CAEMI Mineração e Metalurgia S.A.
- Company type: Public
- Traded as: B3: CMET4
- Industry: Mining, Logistics
- Founded: Quadrilátero Ferrífero, Iron Quadrangle, Minas Gerais 1942
- Headquarters: Nova Lima, Brazil
- Key people: Augusto Antunes (founder)
- Products: raw materials, logistics and railway transport
- Revenue: ▲$2.3 billion USD (2005)
- Net income: ▲$824 million (2005)
- Parent: Vale
- Subsidiaries: CADAM, MBR

= Caemi =

Brazilian mining holding company

Caemi Mineração e Metallurgia S.A. was a major Brazilian mining holding company that ceased to exist in December 2006 after it was merged into Vale. Caemi means Companhia Auxiliar de Empresas de Mineração. in english it means Auxiliary Company of Mining Companies.

==Operations==

The company owned iron ore mines in the so-called Iron Quadrangle region of the state of Minas Gerais, and kaolin mines in the northern states of Amapá and Pará. The company also owned a stake in MRS Logística, which owns a railway network in southeastern Brazil. Caemi's stock was traded on Bovespa.

==MBR – Minerações Brasileiras Reunidas==

Caemi started MBR in a partnership with M. A. Hanna Company in 1965. MBR since 1971 had been the second biggest iron ore producer in Brazil, mining in 2005 over 50 million tonnes of iron ore or around 25% of Brazilian production.

MBR until Vale acquired 100% of Caemi's capital in 2006 was owned by two companies: Caemi and EBM (Empreendimentos Brasileiros de Mineração S.A.).
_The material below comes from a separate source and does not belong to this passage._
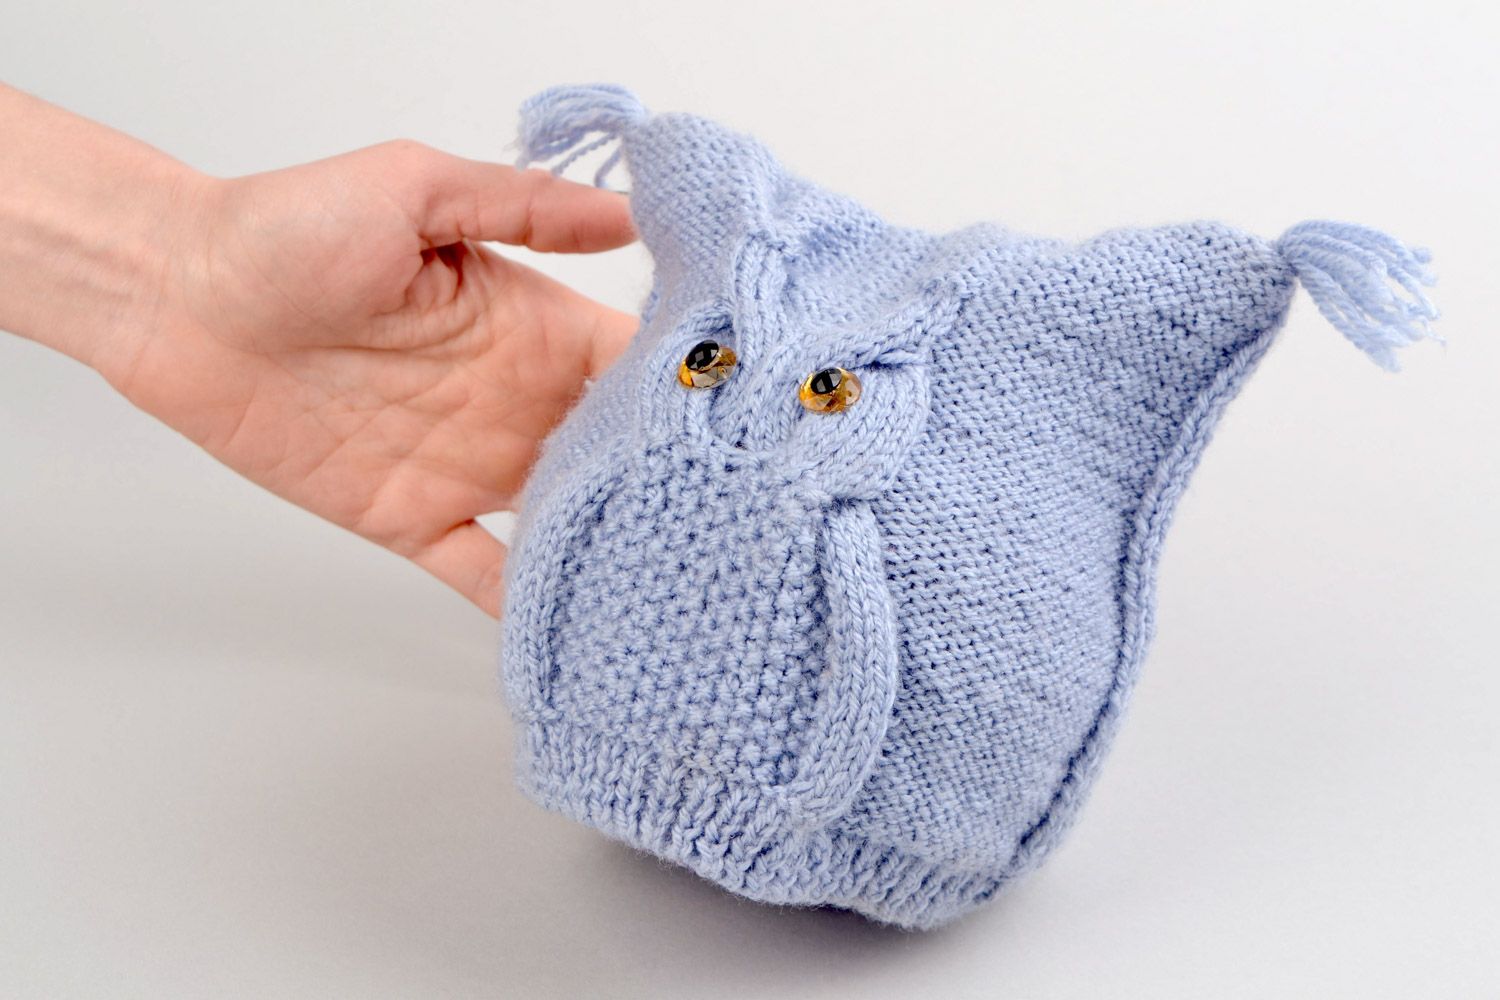 Rectangular handmade blue knitted hat for baby with owl pattern made of acrylic yarns photo 2

Caemi had a 49% stake at MBR while EBM owned the other 51% of the company. The problem is that Caemi also owned 70.1% of EBM, this fact brings Caemi's total stake at MBR to 84.75%. Caemi's 84.75% participation at MBR is recognized at the company's 2005 Annual Report, which was Caemi's last.

EBM, besides Caemi had two other investors:
- Vale owned 9.9% of EBM since 2001, participation which was purchased from Bethlehem Steel
- Japanese investors owned the remaining 20% of EBM and in this group were included the following companies: Mitsui, Nisshin Steel, Nippon Steel, Mitsubishi Corporation, JFE Steel, Itochu, Sumitomo Group, Marubeni and Kobe Steel.

===Vale acquires MBR===

After Vale bought 100% of Caemi, Vale's stake at MBR reached 89.8%, that's because Vale became the owner of Caemi's 84.75% stake at MBR and Vale already indirectly owned 5.05% of MBR through its 9.9% stake at EBM.

This meant that Vale had only to acquire the remaining 20% of EBM at the hands of the Japanese investors in order to become owner of 100% of MBR. This objective was achieved in May 2007 when Vale bought for $231 million 6.25% of EBM from the Japanese investors and simultaneously leased the 13.75% left from the Japanese group in exchange for a down payment of $60.5 million and annual fee of $48.1 million for the next 30 years. Vale now owns 100% of MBR.

==Vale acquires Caemi==

The mining company Vale bought between 2001 and 2006 100% of Caemi's capital for a total cost of $3.2 billion.

Back in 2001 Vale bought for $278.7 million 16.82% of Caemi's capital then in 2003 Vale purchased Mitsui's participation on Caemi for $426.4 million, raising Vale's participation to 60.2% of Caemi's total capital.

Finally on 31 March 2006 Vale purchased the remaining 39.8% of Caemi's capital in a stock swap deal worth $2.5 billion. In May the company's shares stopped being negotiated at Bovespa and then in December Caemi was merged into Vale and ceased to exist.